PNS = Nerves that extend from the Brain and Spinal Cord. Communication lines
that link all parts of the body.
Functional Classification:
Sensory (afferent) Division:
Nerve fibers that convey impulses to the CNS from the sensory receptors.
Motor (efferent) Division:
Carries impulses from the CNS to effector organs, the muscles and glands.
Subdivisions:
1. Somatic Nervous System- allows us voluntary control of
skeletal muscles.
2. Autonomic Nervous System- Regulates events that are
automatic/involuntary
Nervous Tissue: Structure and Function
Supporting Cells: CNS
Neuroglia (nerve glue): Includes many types of cells that generally
support, insulate, and protect the delicate neurons.
Glia: Different types of neuroglia which have special functions
Astrocytes: star-shaped and accounts for nearly half of the neural
tissue. They have numerous projections with swollen ends that
cling to neurons and anchor them to their nutrient supply.
They form a living barrier between capillaries and neurons and
play a role in making exchanges between them. They pick up
excess ions and recapture released neurotransmitters.
Microglia: spider like phagocytes that dispose of debris (dead
brain cells, bacteria etc.).
Ependymal Cells: Line the cavities of the brain and spinal cord.
The beating of their cilia helps circulate the cerebrospinal fluid
around the CNS.
Oligodendrocytes: Wrap their flat extensions tightly around the
nerve fibers, producing fatty insulating coverings called myelin
sheaths.
*Neuroglia never lose their ability to divide, whereas neurons do.
Consequently, most brain tumors are gliomas or tumors formed by glial
cells.
Supporting Cells: PNS
Schwann Cells: Form myelin sheaths around nerve fibers that are found in the
PNS.
Satellite Cells: Act as protective, cushioning cells.
Neurons: (nerve cells)
Anatomy:
Nerve Cells: highly specialized to transmit messages (nerve impulses).

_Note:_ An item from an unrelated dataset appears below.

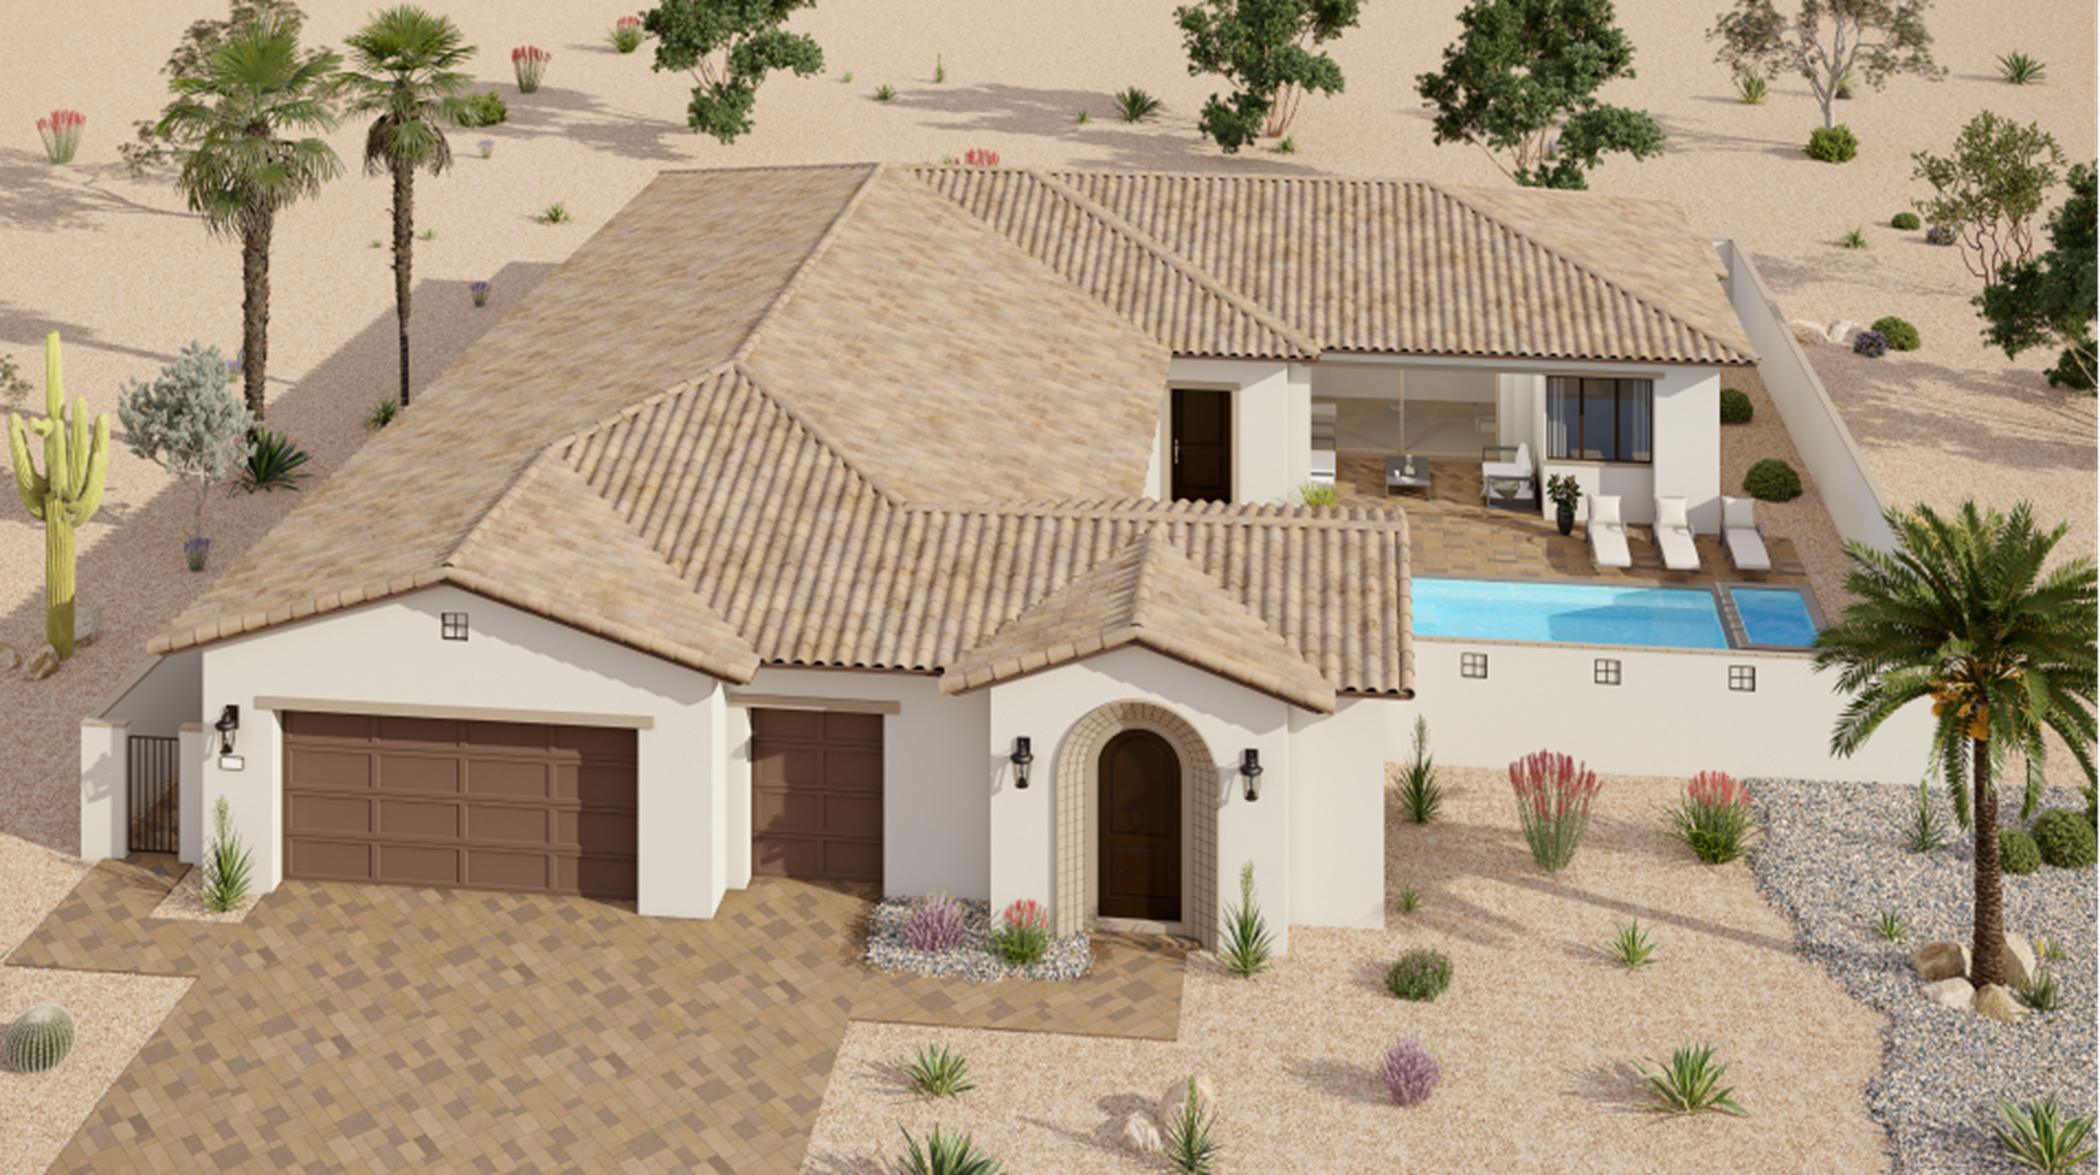 Contemporary Spanish home exterior image

Cell Body: Contains the nucleus and is the metabolic center of the
cell.
Processes/fibers: Each cell contains one or more of these that
extend from the cell body. Vary in length from microscopic to 3-4
feet.
Dendrites: Neuron processes that conduct electrical currents
toward the cell body. A neuron may have hundreds of these.
Axons: Neuron processes that generate nerve impulses typically
conduct them away from the cell body. A neuron will only have
one axon.
Each axon branches profusely at their terminal end forming
thousands of axonal terminals which stimulate the release
of chemicals called neurotransmitters. (i.e. ACh and
muscle contraction).
Synaptic cleft: The tiny gap between axonal terminals and
neuron. This functional junction is called a synapse.
Myelin: Fatty material which covers most long nerve
fibers. Myelin protects and insulates the fibers and
increases the transmission rate of nerve impulses.
*Axons outside the CNS are myelinated by Schwann
Cells, specialized supporting cells that wrap themselves
tightly around the axon. When the wrapping process is
done a tight coil of wrapped membranes, the myelin
sheath, encloses the axon.
Neurilemma: Outermost part of the plasma membrane of
the Schwann Cell, that is external to the myelin sheath.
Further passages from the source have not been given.